# Corn price discussion



## BREND (30 December 2007)

*Fundamental:*

Corn rose, matching yesterday's 11- year high, on speculation that a new energy bill and rising oil prices may increase demand for crops used to make fuel.

The bill signed by President George W. Bush last week will more than quadruple the use of alternative fuels such as ethanol to 36 billion gallons in 2022 from 7.5 billion this year. Crude oil, which reached a record last month, is up 58 percent this year, improving demand for biofuels to extend gasoline supplies.

Corn prices continue to gain from recognition that the new energy bill signed last week is very bullish for corn to meet ethanol demand,'' said Bill Nelson, a vice president for A.G. Edwards Inc. in St. Louis. ``The rise in crude oil is
improving demand for ethanol in gasoline'' outside of areas where the fuel is required by law, Nelson said.

Corn futures for March delivery rose 2.5 cents, or 0.6 percent, to $4.5475 a bushel on the Chicago Board of Trade.
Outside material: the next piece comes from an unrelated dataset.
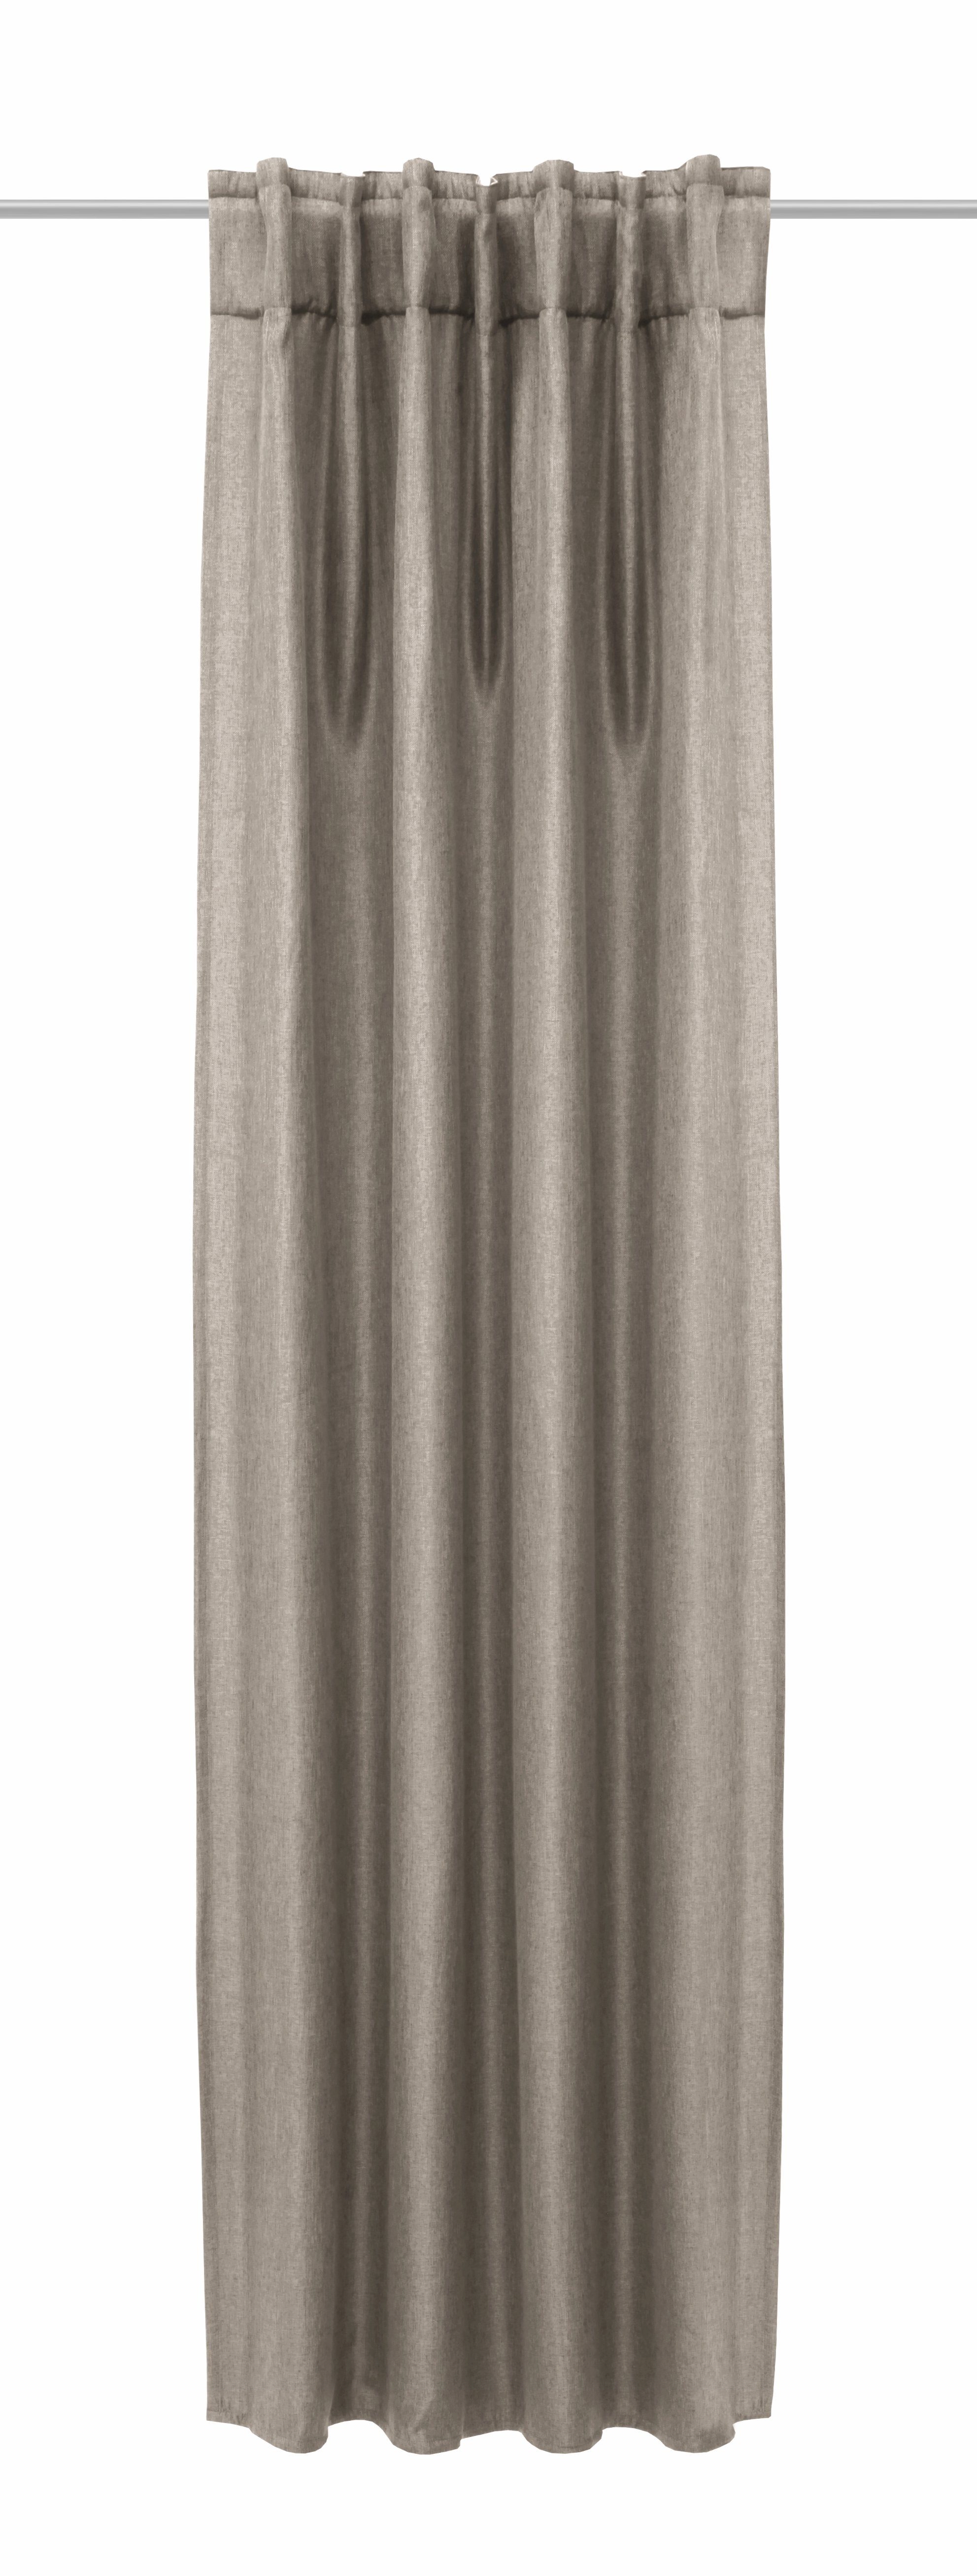 Verdunkelungsvorhang Verdunkelungsvorhang verdunkelnder Jolie Clever-Kauf-24, Vorhang Leinenoptik

Prices yesterday and today reached $4.55, the highest since June 1996. The price is up 17 percent this year on record demand to
produce ethanol and feed livestock, poultry and dairy cows.

In 2006, almost 5 billion gallons of ethanol were produced, according to the Energy Information Administration, the Energy Department's statistical arm. Under the new energy bill, that total will rise to 15 million gallons by 2022.
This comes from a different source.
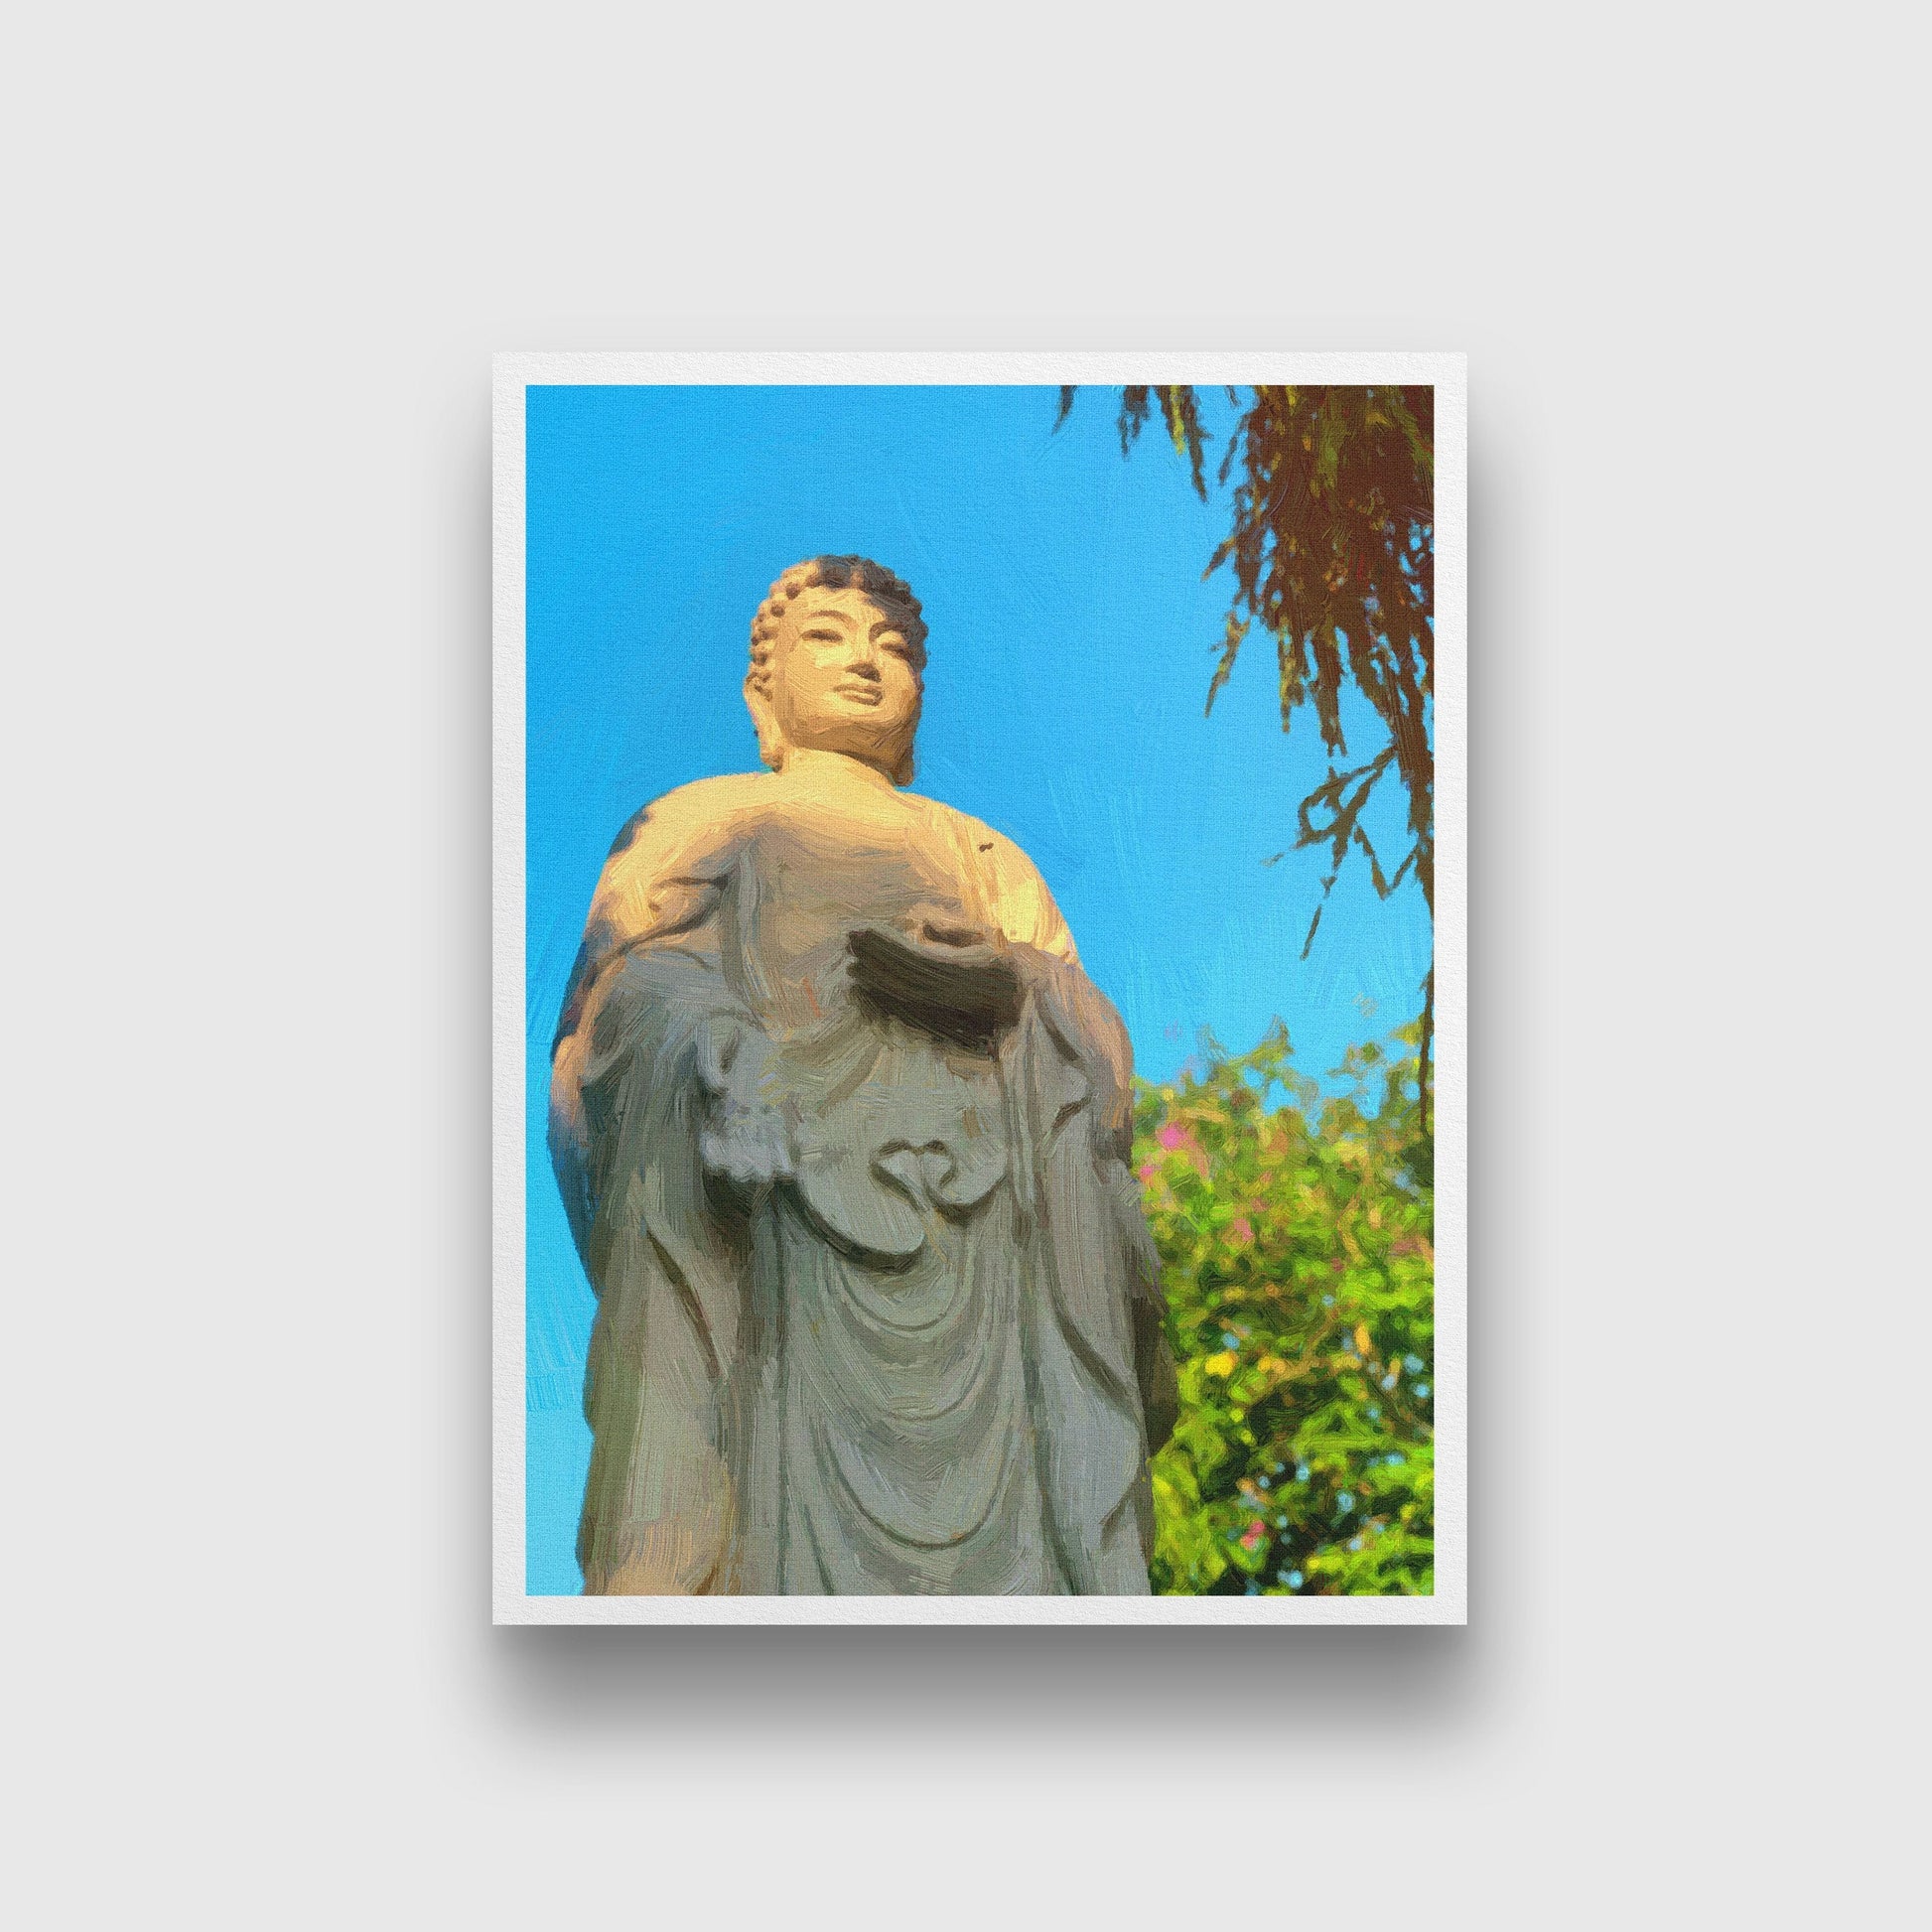 The large standing buddha statue Painting - Meri Deewar - MeriDeewar

There are 134 ethanol distilleries in the U.S., with the capacity to produce 7.23 billion gallons of the fuel annually, according to the Renewable Fuels Association in Washington. The 77 plants under construction will boost the nation's production capability to about 13.45 billion gallons.

Denatured ethanol for May delivery rose 3 cents, or 1.5 percent, to $2.09 a gallon on the Chicago Board of Trade after yesterday touching $2.10 a gallon, the highest for the most- active contract since May 30.

*Technical:*

Critical resistance level had broken

Short term chart showing an uptrend

Corn charts can be found in my blog.

_(Think fundamental, but trade technical)_


----------



## Student of Gann (30 May 2022)

If price continues moving up we could see Top on the 7th June then down till the 16th June where Low is indicated . As we move into the first date we should be able to determine if we are setting up for Top in line with the Curve .


----------